A medic carries a child injured in the Netanya bombing to a hospital Wednesday.  

From his home in Gaza City, Sheik Ahmed Yassin, the spiritual leader of Hamas, said Wednesday's bombing was "a message to the Arab summit to confirm that the Palestinian people continue to struggle for the land and to defend themselves no matter what measures the enemy takes."

Speaking in Atlanta, Georgia, on Wednesday, President Bush immediately condemned the attack.

"This callous, cold-blooded killing must stop. I call upon ... Arafat and the Palestinian Authority to do everything in their power to stop the terrorist killing, because there are people in the Middle East who would rather kill than have peace," Bush said during a speech at Georgia Tech.

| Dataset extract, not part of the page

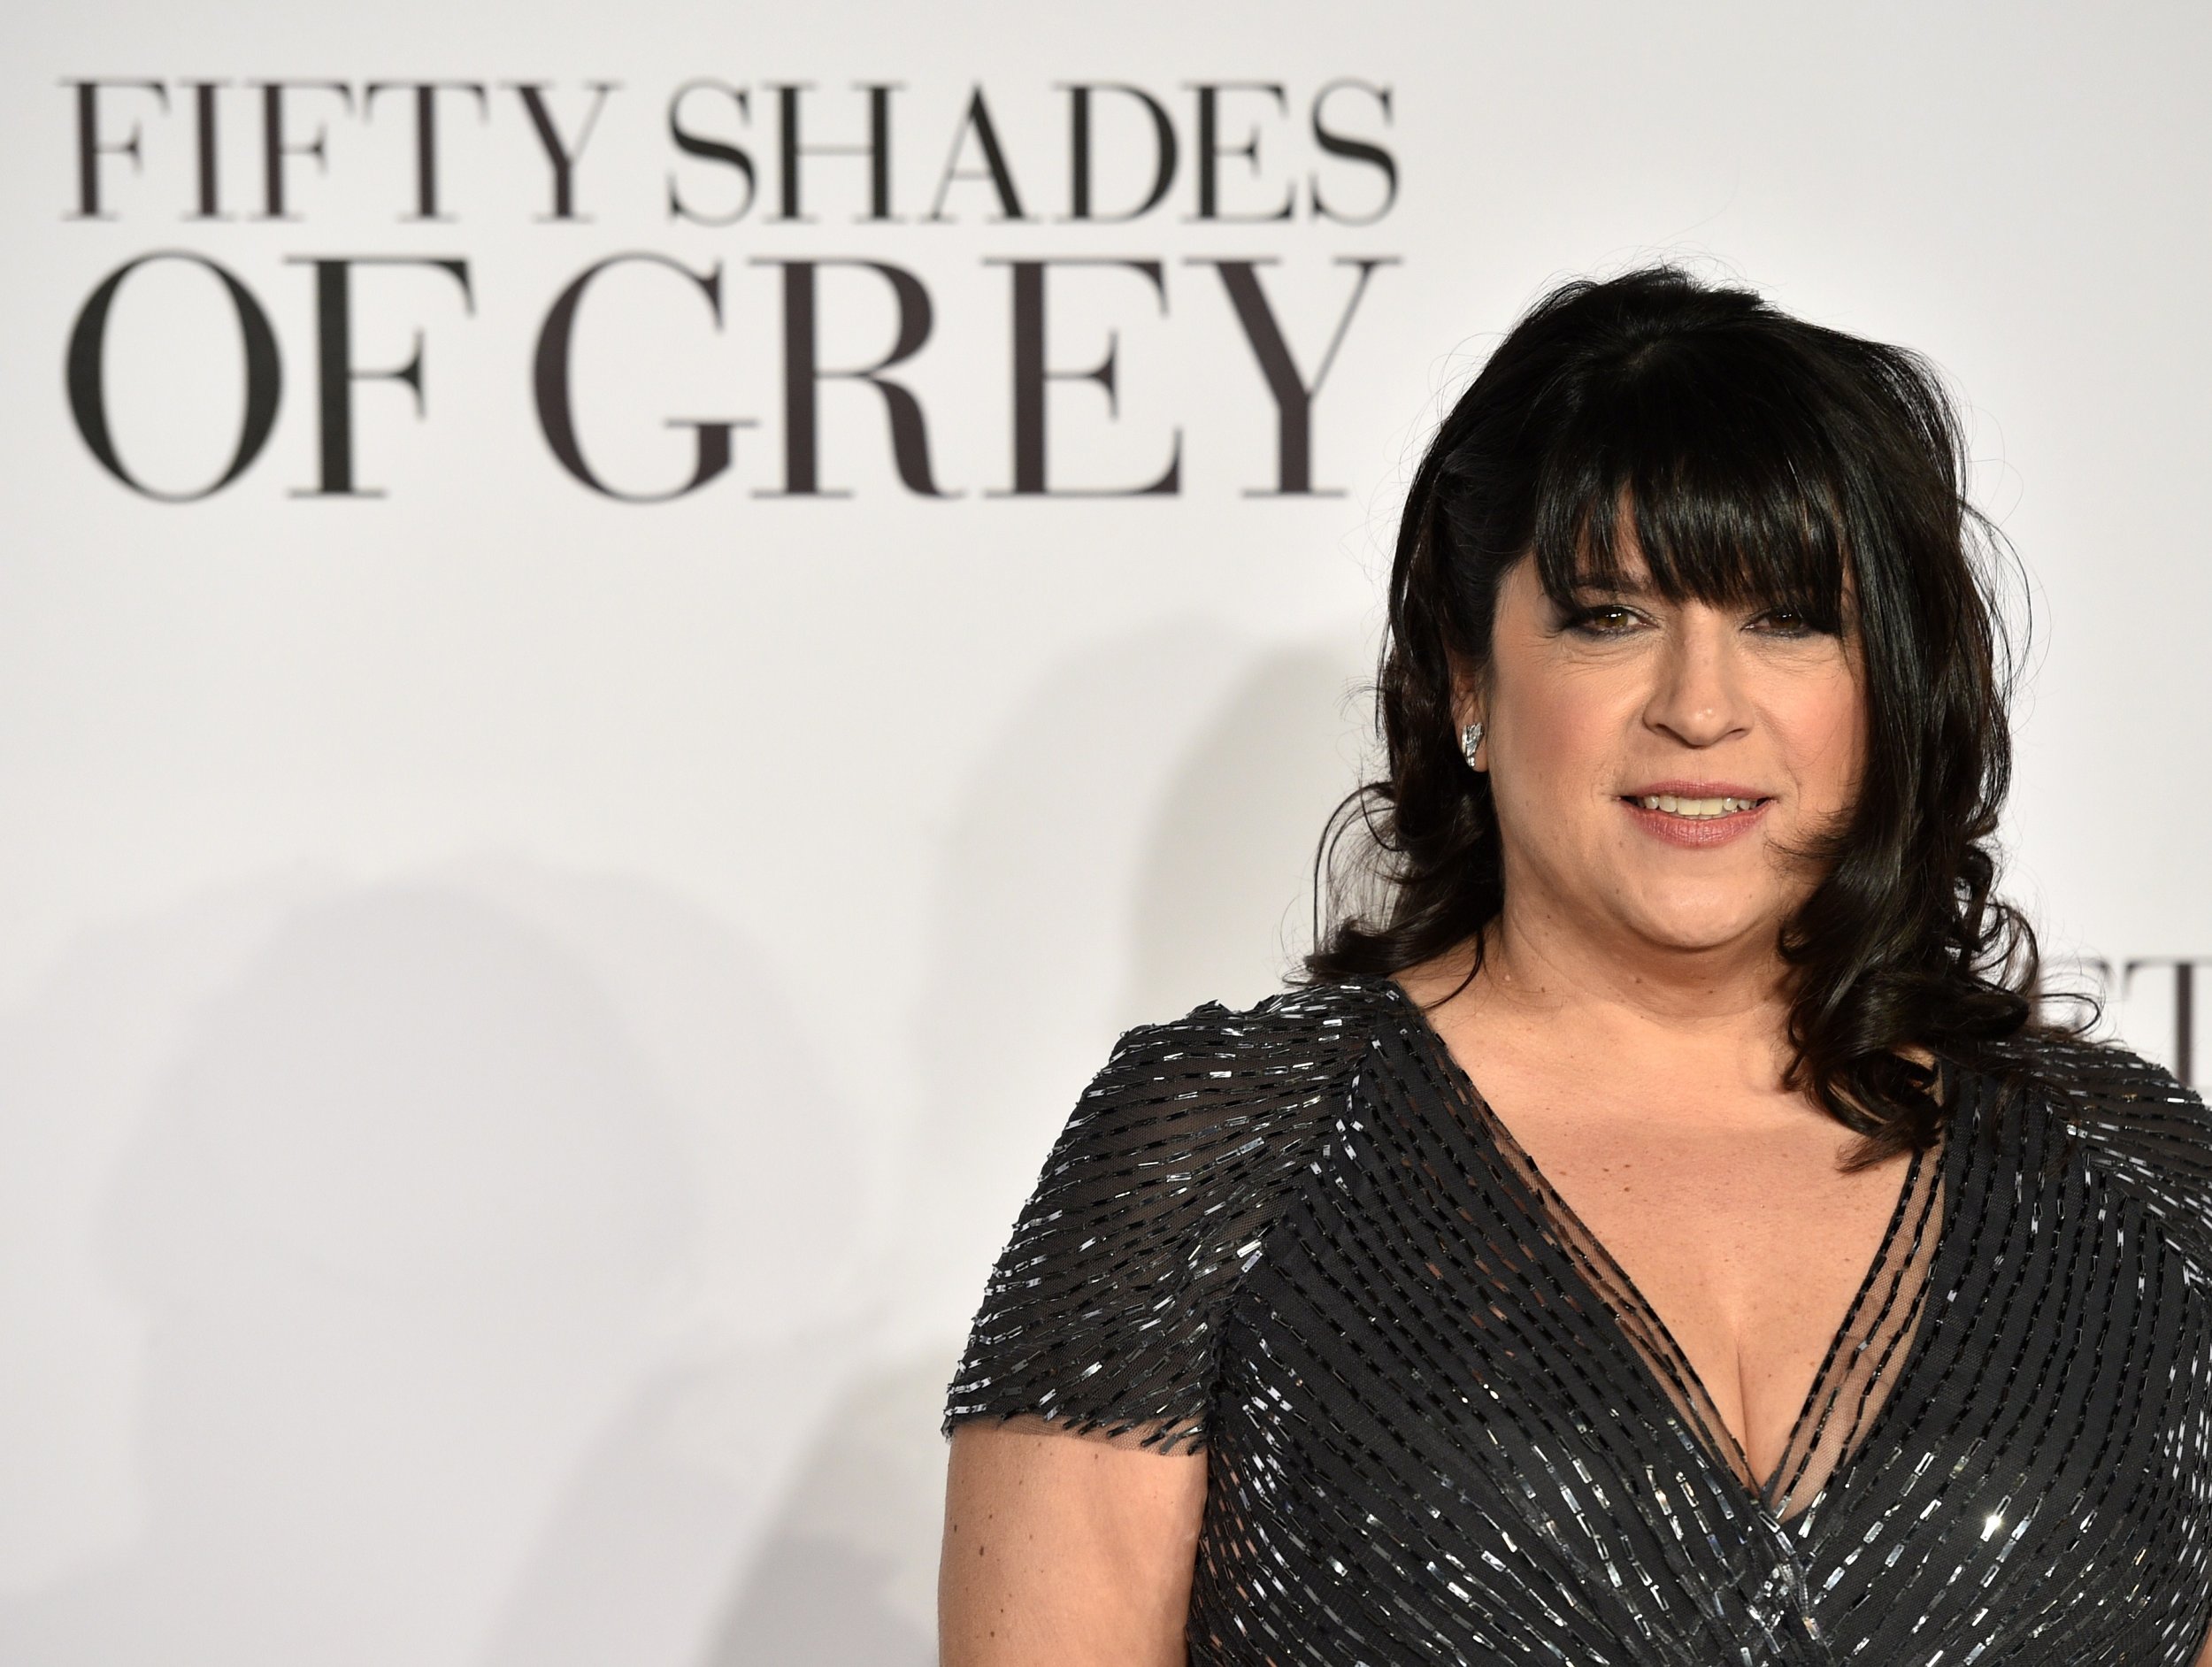 ‘Fifty Shades’ Author EL James Teases ‘Passionate, Erotic’ New Novel

When the bomb exploded, the hotel was full of Israelis who had gathered to mark Passover, a seven-day commemoration of the exodus of the ancient Israelites from Egypt. Jews gather each evening after sunset for the Seder, a ritual meal. (Passover facts)

The force of the blast gutted the interior of the hotel, blowing out walls and windows and leaving a twisted maze of debris inside. Dazed survivors wandered out of the rubble, as dozens of ambulances raced to the scene to help the wounded.

The bomber was from the West Bank town of Tulkarem, Palestinian sources said.

Israeli police had been on high alert because of the Passover holiday. Israeli police spokesman Gil Kleiman said the bomber slipped past an armed guard at an entrance to the hotel.

Kleiman said police were searching nearby hotels for accomplices who might have helped the bomber.

"Nothing can prevent -- 100 percent -- a suicide bomber who's intent on blowing himself up and killing people," he said.

Netanya scene of earlier terror bombing

Netanya was the scene of a March 9 suicide bombing that killed two people, including a baby girl, and wounded at least 35 others. The Al Aqsa Martyrs Brigades, a military wing of Arafat's Fatah movement, claimed responsibility for the March 9 attack and another the same day in Jerusalem.

Despite a call issued by Palestinian leaders last week for an end to terror attacks inside Israel, suicide bombings by Palestinian groups have continued.

"Every one of these bombings sets us back," U.S. Secretary of State Colin Powell said after Wednesday's bombing. However, he said, Zinni would stay in the region because "terror cannot be allowed to prevail, to win."

Earlier Wednesday, Israeli forces killed two armed Palestinians in Gaza after being attacked in two separate incidents during an overnight operation, the Israel Defense Forces said. The IDF said troops were responding to an alert in the area of Kibbutz Kissufim.

Two Israeli soldiers were injured in one of the attacks, in which Palestinians threw a hand grenade and opened fire, the IDF said.